**ABOUT THIS TASK:** Reproduce the listing below from the line with "Jimin Stars in" to the line with "CANON PRINTER MEGA", both lines included, character for character, minus any pictures.

**MATERIAL FOR THIS TASK:**
= = = =

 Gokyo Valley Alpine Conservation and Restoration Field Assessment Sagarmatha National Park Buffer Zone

= = = =

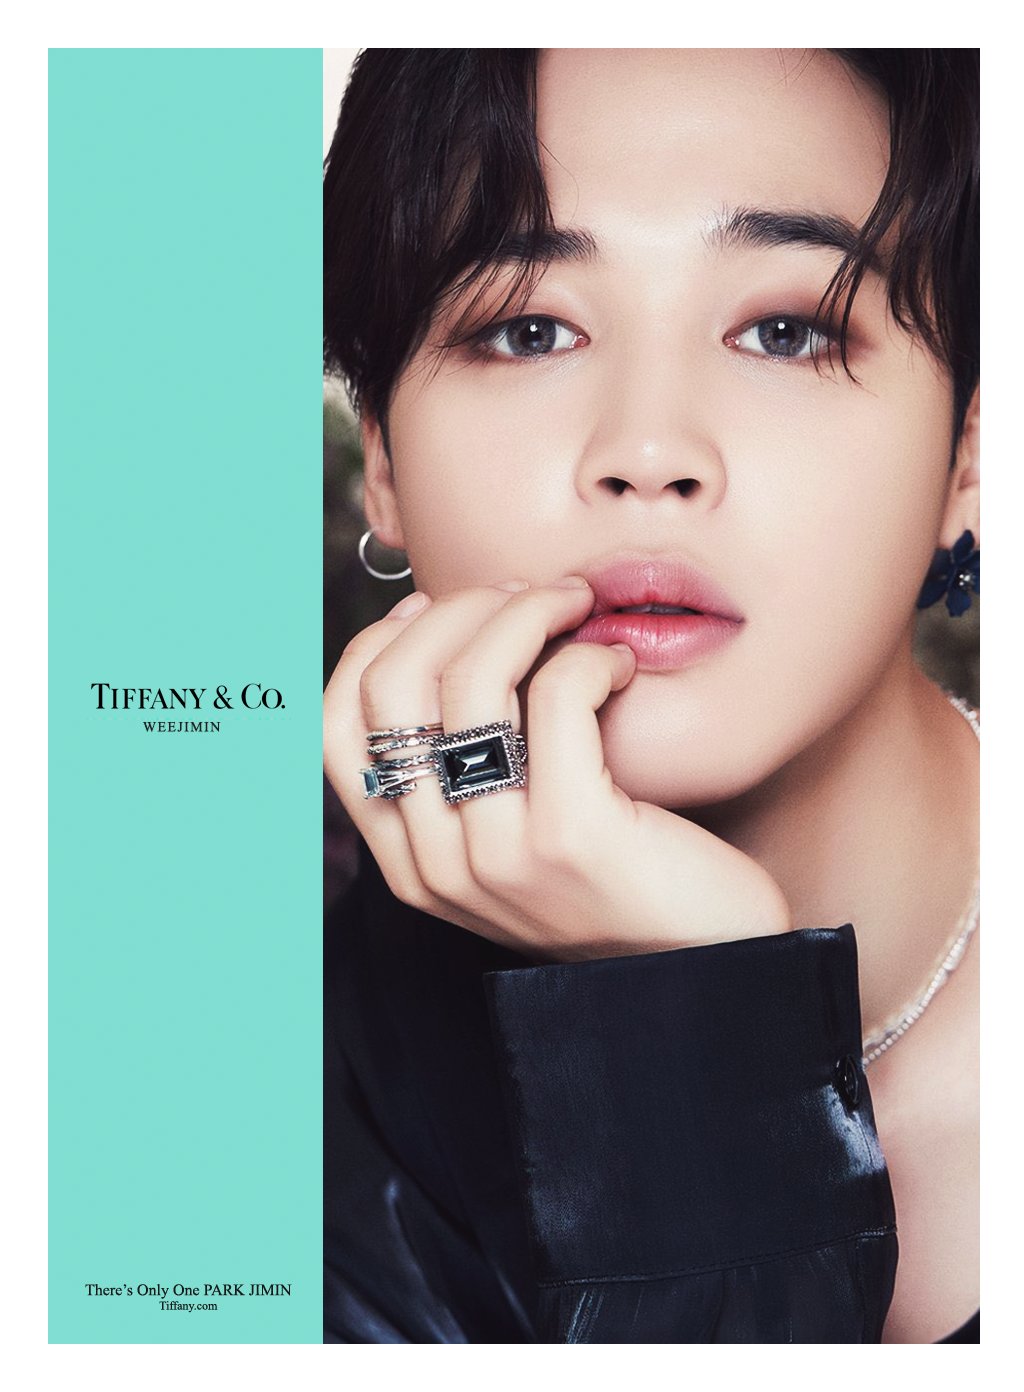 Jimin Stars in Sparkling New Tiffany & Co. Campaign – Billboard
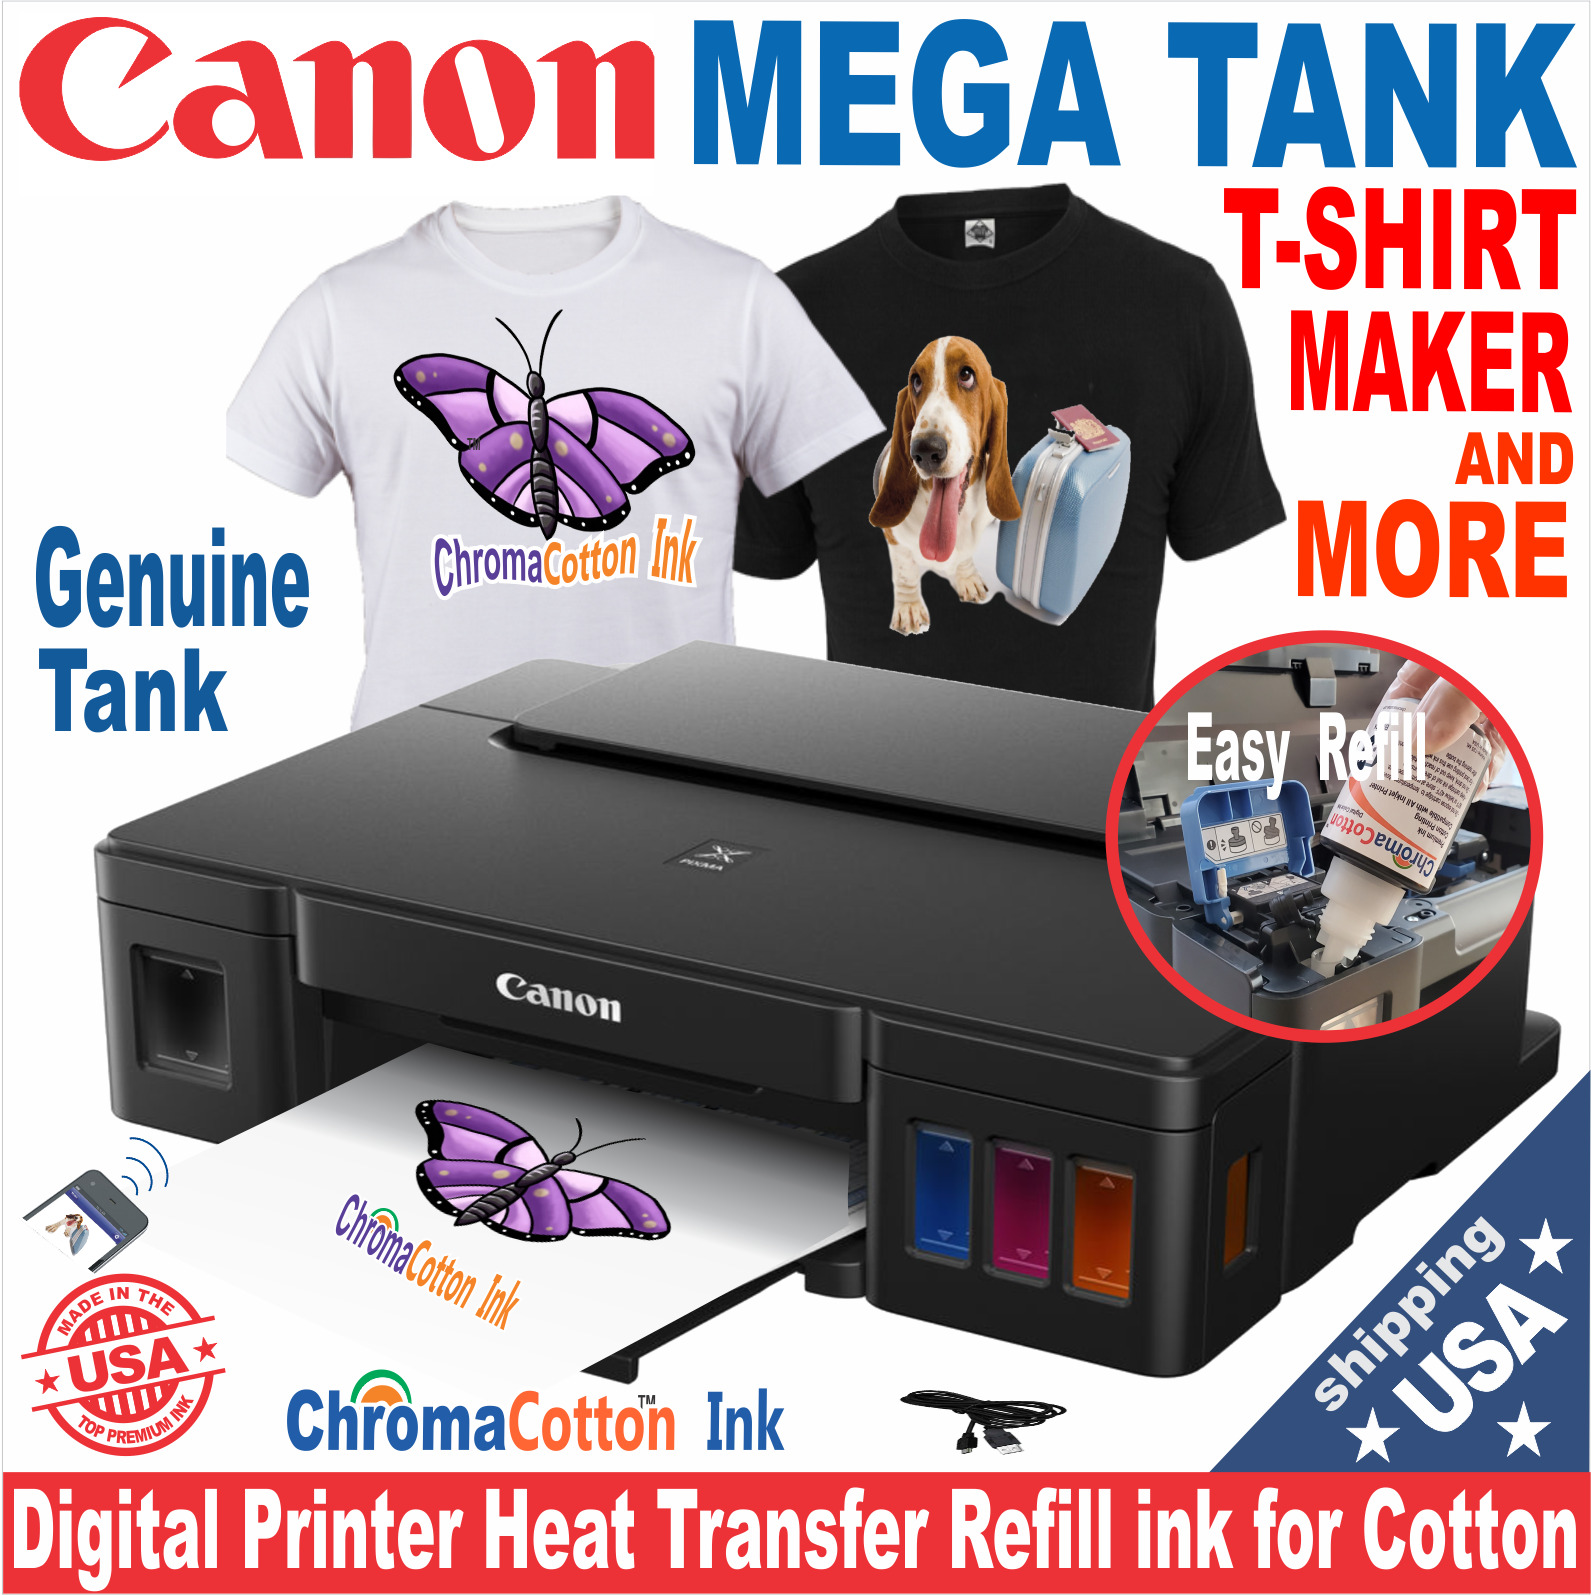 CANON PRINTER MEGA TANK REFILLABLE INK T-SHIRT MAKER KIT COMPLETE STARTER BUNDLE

= = = =

**EXERCISE ANSWER:**
 Jimin Stars in Sparkling New Tiffany & Co. Campaign – Billboard
 CANON PRINTER MEGA TANK REFILLABLE INK T-SHIRT MAKER KIT COMPLETE STARTER BUNDLE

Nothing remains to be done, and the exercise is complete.